Expects an American School
Whatever anyone else may have to say for or against the question Signor Leoncavallo is quite nositive of two things—that America will develop a national school of music and that opera in English has come to stay. “Of the former I cannot see how there can be any doubt,” he said. “A nation must first be completely settled as to its material well-being before it thinks of artistic creation, and America has plenty of time before it. The clash of material interests will be like stones struck together- it will produce sparks and these figurative sparks will be artistic productivity. To contend that a musical genius cannot arise in America is ridiculous. A genius could suddenly appear in the midst of the Sahara. What should there be to hinder the arrival of one here? The conglomeration of races? Was not England once a mixture of races possessed of characteristic elements apparently irreconcilable? Yet did not England in the course of time produce a Shakespeare and a Byron?
“Italian is unquestionably the most favorable language for singing. English is more difficult than French or German, but it is none the less possible: The only thing that troubles me is that people over here speak English so differently from the way I was taught to pronounce it. I cannot understand those who try to talk to me in this country and they, in their turn, are not able to understand me. If I tell a taxi driver I want to go to the Hippodrome he doesn't seem to know what I'm talking about. Then, when I show him the name in writing, he says it in a curious guttural way (the composer gave an imitation of the sound at this juncture). If I say I want to go to the Savoy Hotel the same thing happens. I cannot grasp the fundamental principles of your enunciation over here. Still, as you people are able to understand each other when you speak there’s nothing to hinder mutual comprehension in singing, I should think.”
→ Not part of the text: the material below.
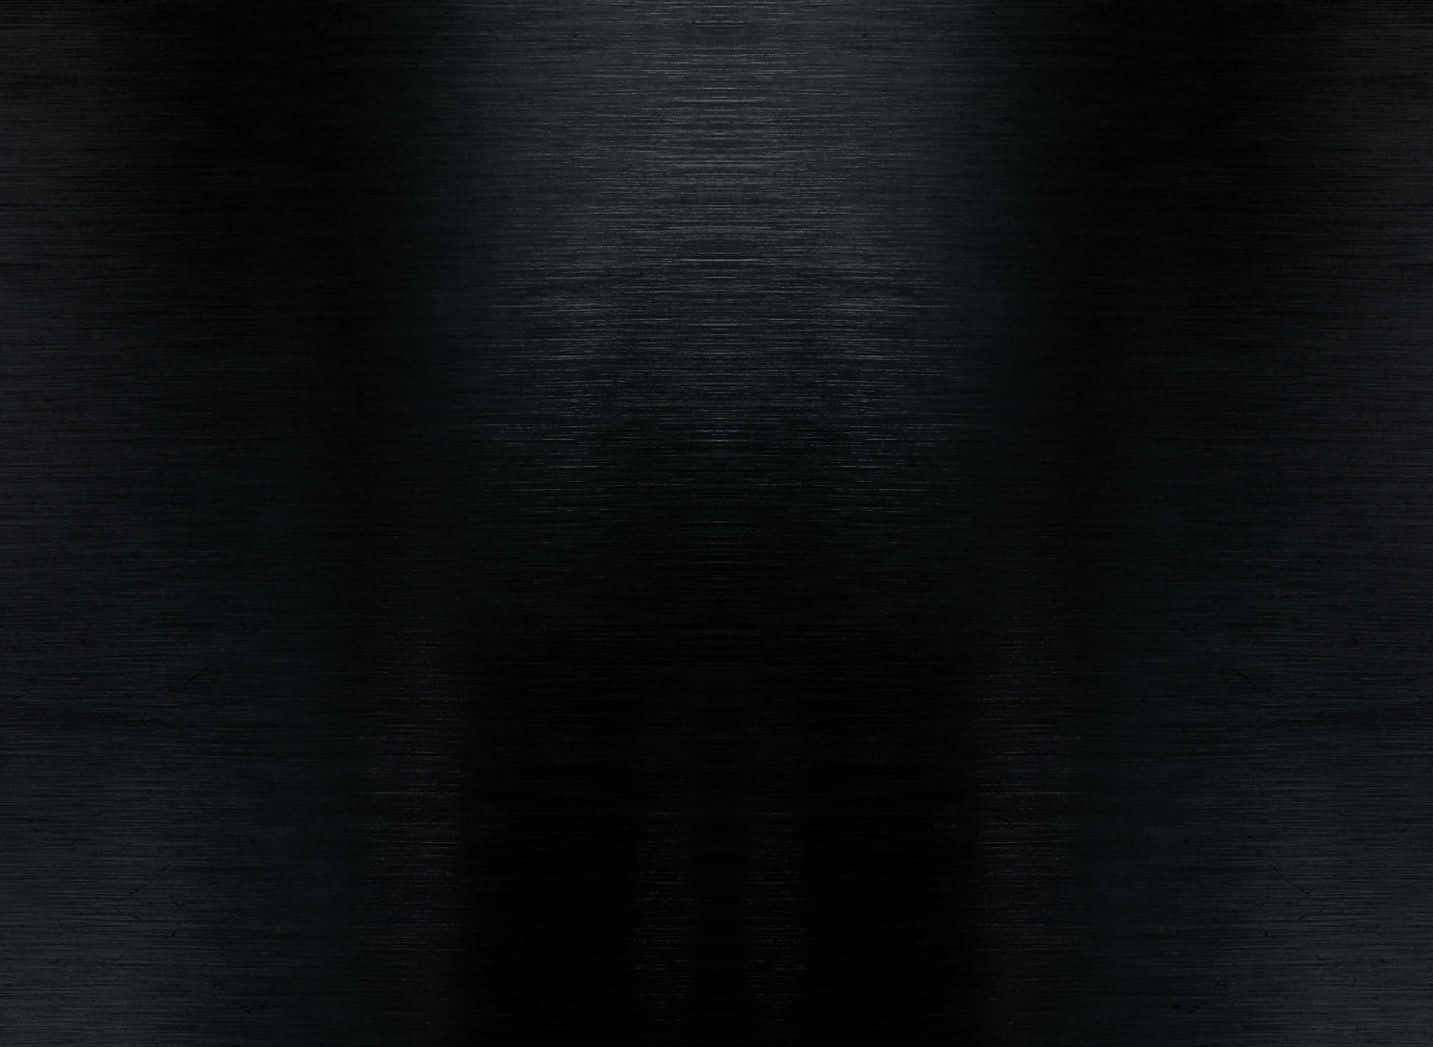 100+] Black Shiny Backgrounds

Some years ago Leoncavallo was quoted as deploring the lack of good singers in Italy. His ideas have not changed on that score. “Not only our best singers but also our best conductors are being lured away by the fascination of the high prices they receive elsewhere. We have to do the best we can with what remains. But just now we are holding on carefully to all our youngest singers and with them we should eventual1y be able to atone in part, at any rate, for that of which other nations have deprived us.” —HERBERT F. PEYSER.